Identifiers (also referred to as names) are described by the following lexical definitions:
1
2
3
4
5 identifier ::= (letter|"_") (letter | digit |"_")*
letter ::= lowercase | uppercase
lowercase ::= "a"..."z"
uppercase ::= "A"..."Z"
digit ::= "0"..."9"Identifiers are unlimited in length. Case is significant.
号
根据python语言参考第2.3节"标识符和关键字",有效的python标识符定义为:
1 | (letter|"_") (letter | digit |"_")* |
或者,在regex中:
1 | [a-zA-Z_][a-zA-Z0-9_]* |
。
有趣的是,标识符的第一个字符是特殊的。在第一个字符之后,数字"0"到"9"对标识符有效,但不能是第一个字符。

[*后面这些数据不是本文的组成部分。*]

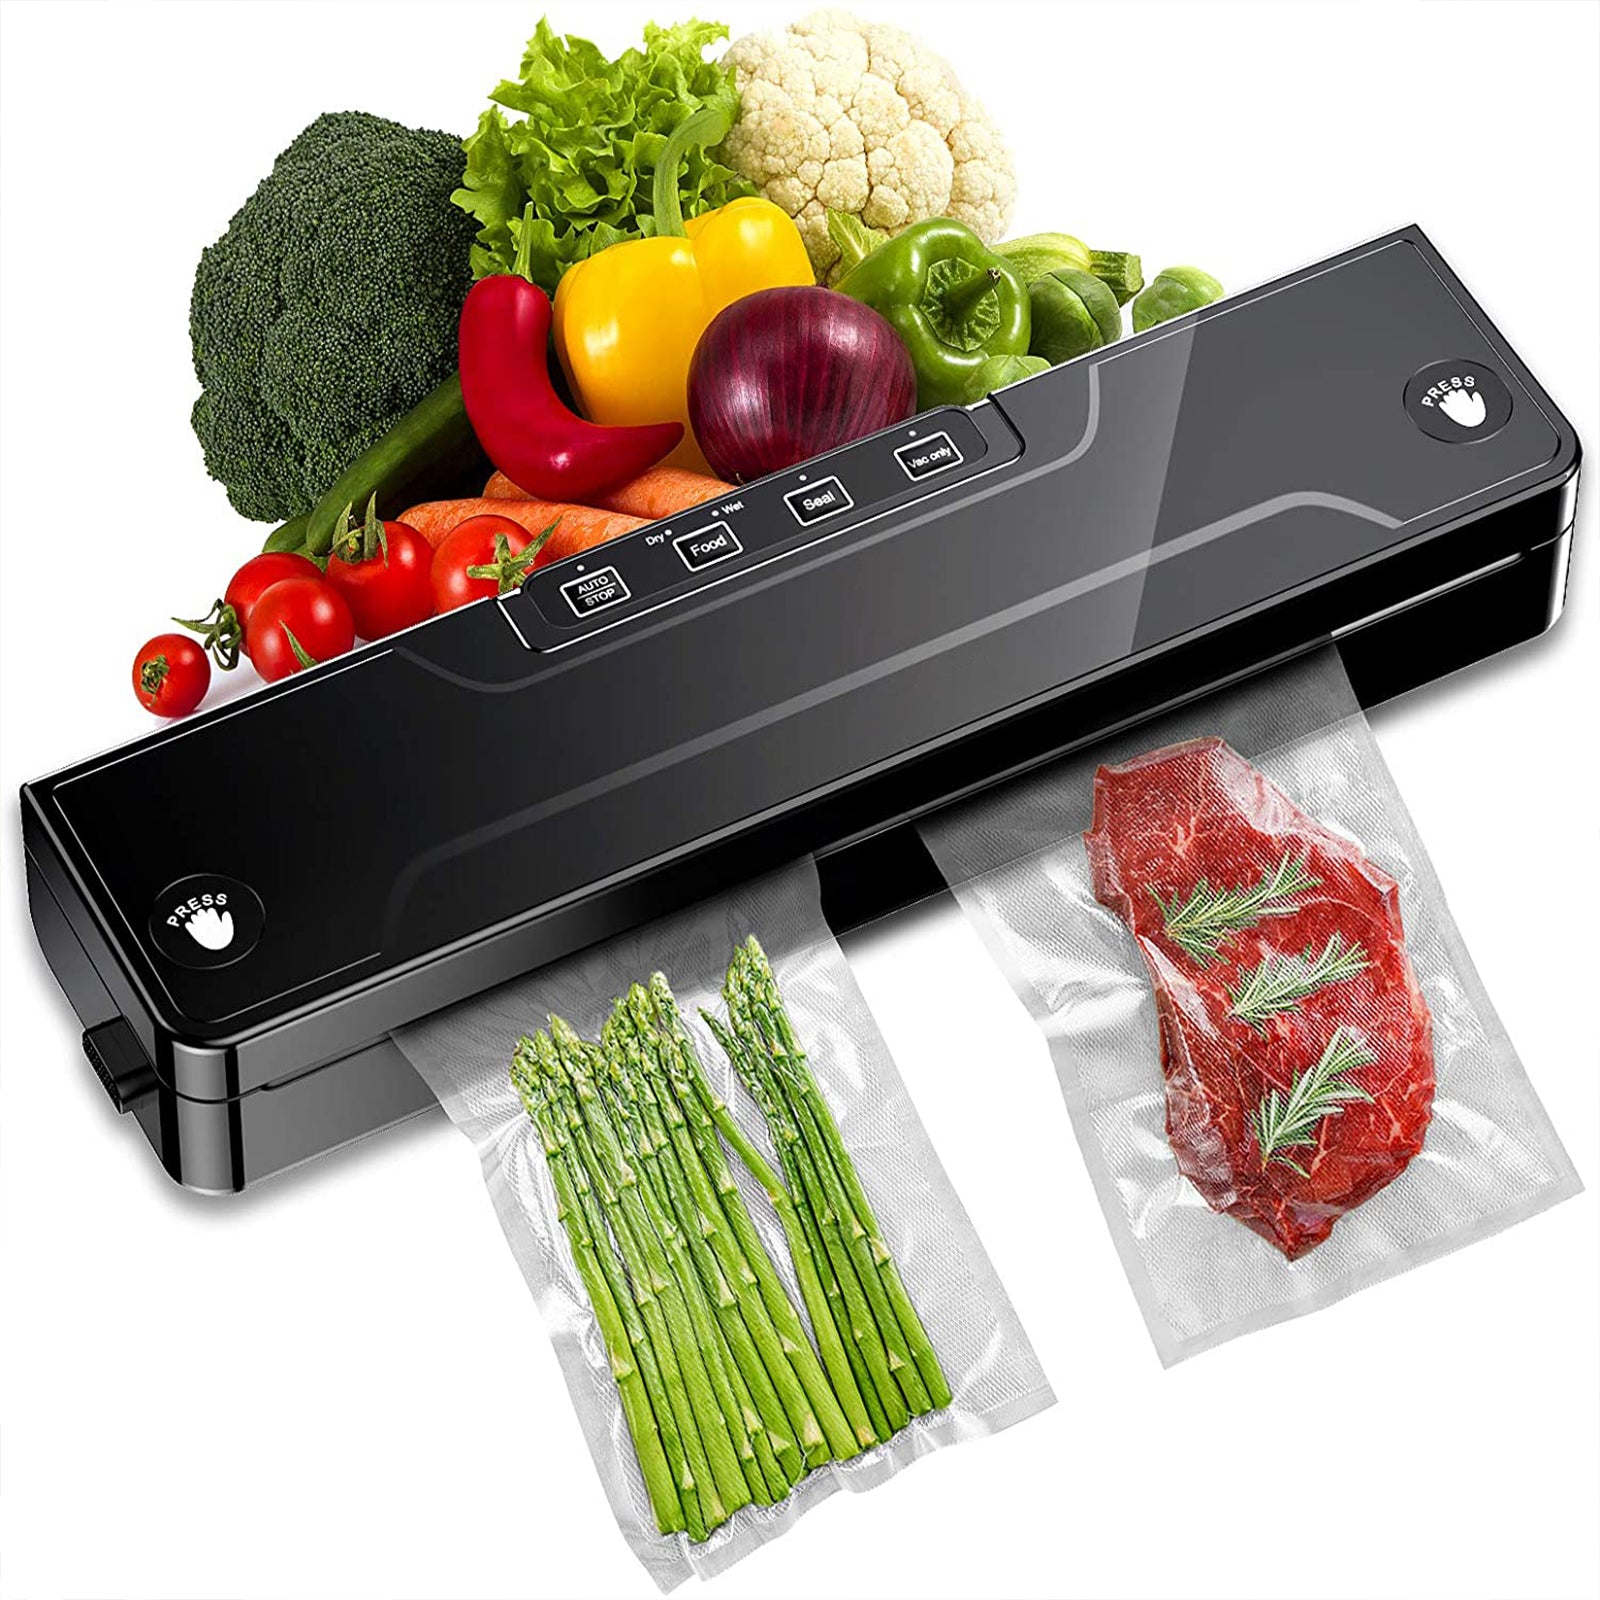 SKONYON Vacuum Sealer Machine with Suction Hose and 15 Vacuum Bags Included

这是一个函数,它将返回一个给定任意字符串的有效标识符。工作原理如下:
首先,我们使用
1 2 3 4 5 6 7 8 9 10 11 12 13 14 15 | def gen_valid_identifier(seq): # get an iterator itr = iter(seq) # pull characters until we get a legal one for first in identifer for ch in itr: if ch == '_' or ch.isalpha(): yield ch break # pull remaining characters and yield legal ones for identifier for ch in itr: if ch == '_' or ch.isalpha() or ch.isdigit(): yield ch def sanitize_identifier(name): return ''.join(gen_valid_identifier(name)) |
这是一个干净的和Python式的方法来处理一个序列两种不同的方式。对于这个简单的问题,我们可以使用一个布尔变量来指示是否已经看到第一个字符:
1 2 3 4 5 6 7 8 | def gen_valid_identifier(seq): saw_first_char = False for ch in seq: if not saw_first_char and (ch == '_' or ch.isalpha()): saw_first_char = True yield ch elif saw_first_char and (ch == '_' or ch.isalpha() or ch.isdigit()): yield ch |
号
我不喜欢这个版本几乎和第一个版本一样多。一个字符的特殊处理现在在整个控制流中纠结在一起,这将比第一个版本慢,因为它必须不断检查
在显式迭代器上循环的速度与让Python隐式地为您获取迭代器的速度一样快,显式迭代器允许我们拆分为标识符的不同部分处理不同规则的循环。所以显式迭代器为我们提供了运行速度更快的更干净的代码。赢/赢。
到目前为止,这是一个老问题,但是我想在Python3中添加一个关于如何实现的答案。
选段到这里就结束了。